В углу подземелья неярко горела свеча, и государь стал было отходить от обуявшего его ужаса, но увидел, что и тут стены покрываются тонким льдом, и; дрожа от свирепого холода, прижался к скопцу Энверу:

- Что за бедствие, Энвер, что за несчастье?!

- Это все ветер, проклятый ветер, ты не бойся, не бойся...

- Мне холодно, брат! - государь заплакал, и слезы посыпались у него из глаз.

Он обхватил себя руками, чтобы унять дрожь, но озноб не отпускал его.

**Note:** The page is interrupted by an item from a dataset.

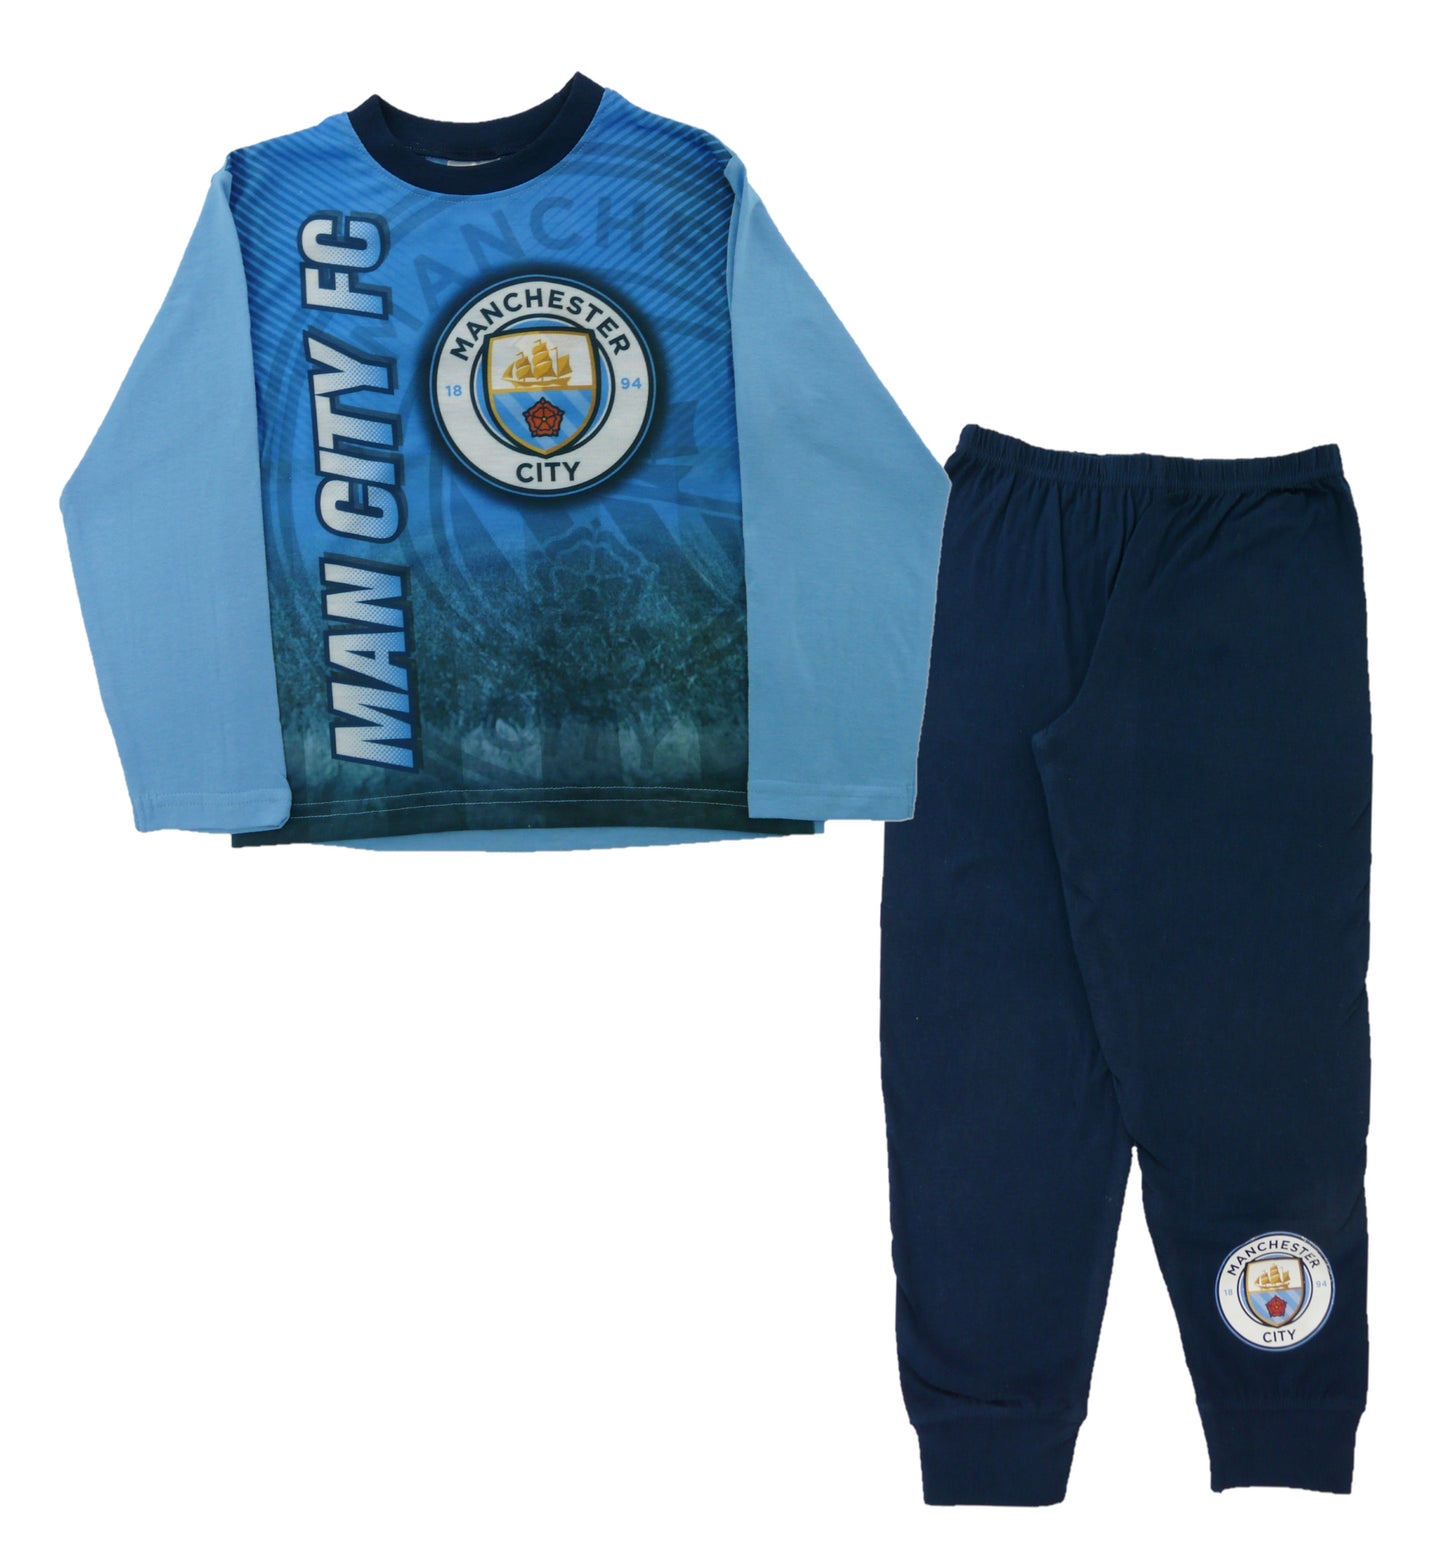 Manchester City Football Club "Man City FC" pyjamas
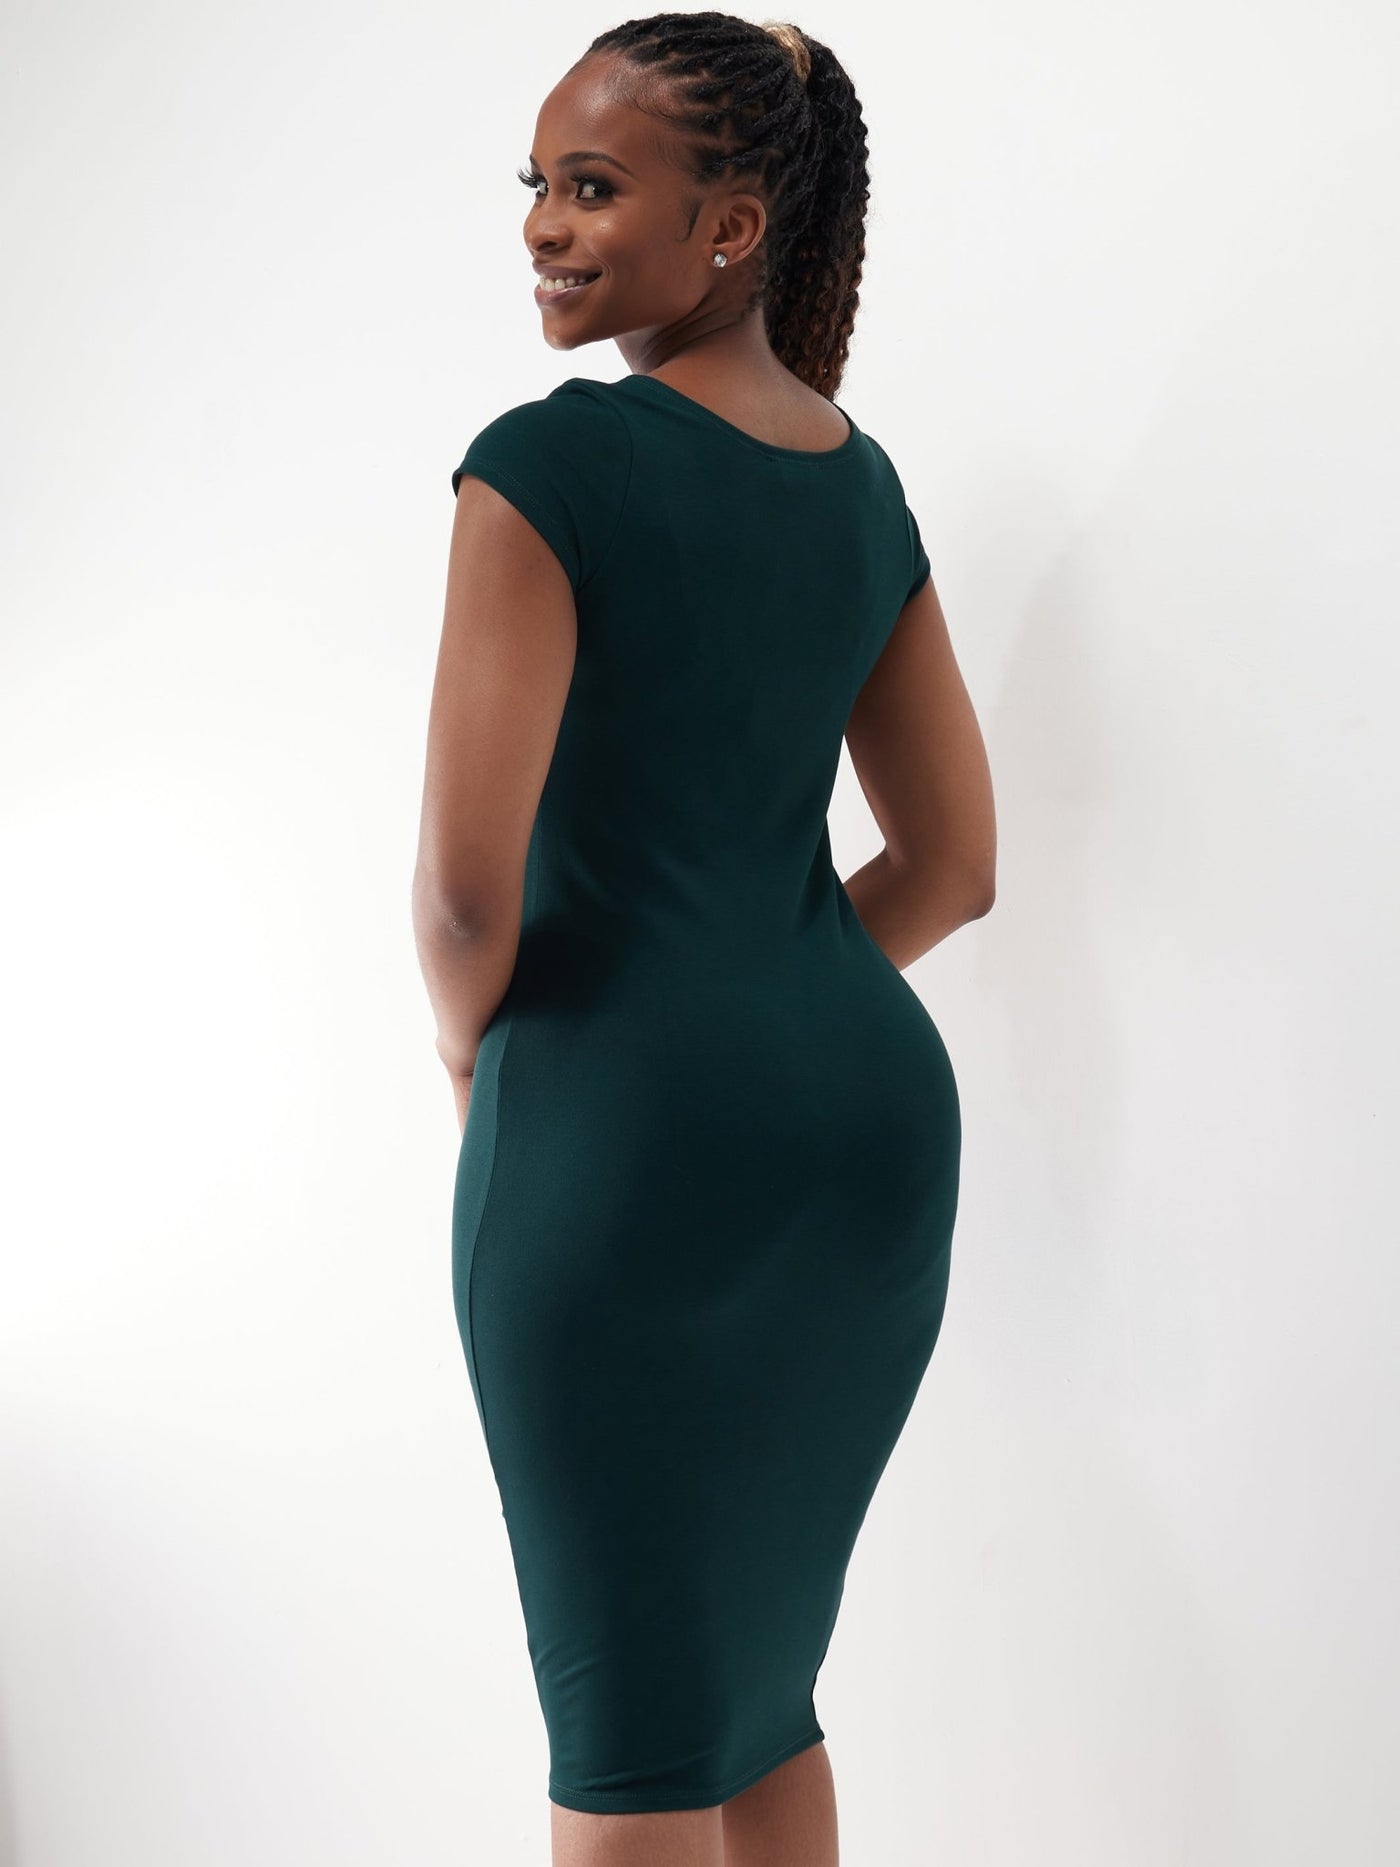 Vivo Basic Cap Sleeved Leila Dress - Dark Green - Shop Zetu Kenya

- Мне холодно! - повторил он шепотом, и скопец Энвер, взглянув в глаза ему, сказал в сердце своем: "господи, уготовь ему место в раю!", ибо в государевых глазах не было ни гнева, ни желчи, не было скорпионьего яда, они были прозрачны, как глаза пятилетнего мальчика.

- Сейчас, сейчас! - сказал скопец Энвер и уложил его на низенькую тахту, стоящую в углу, где горела свеча.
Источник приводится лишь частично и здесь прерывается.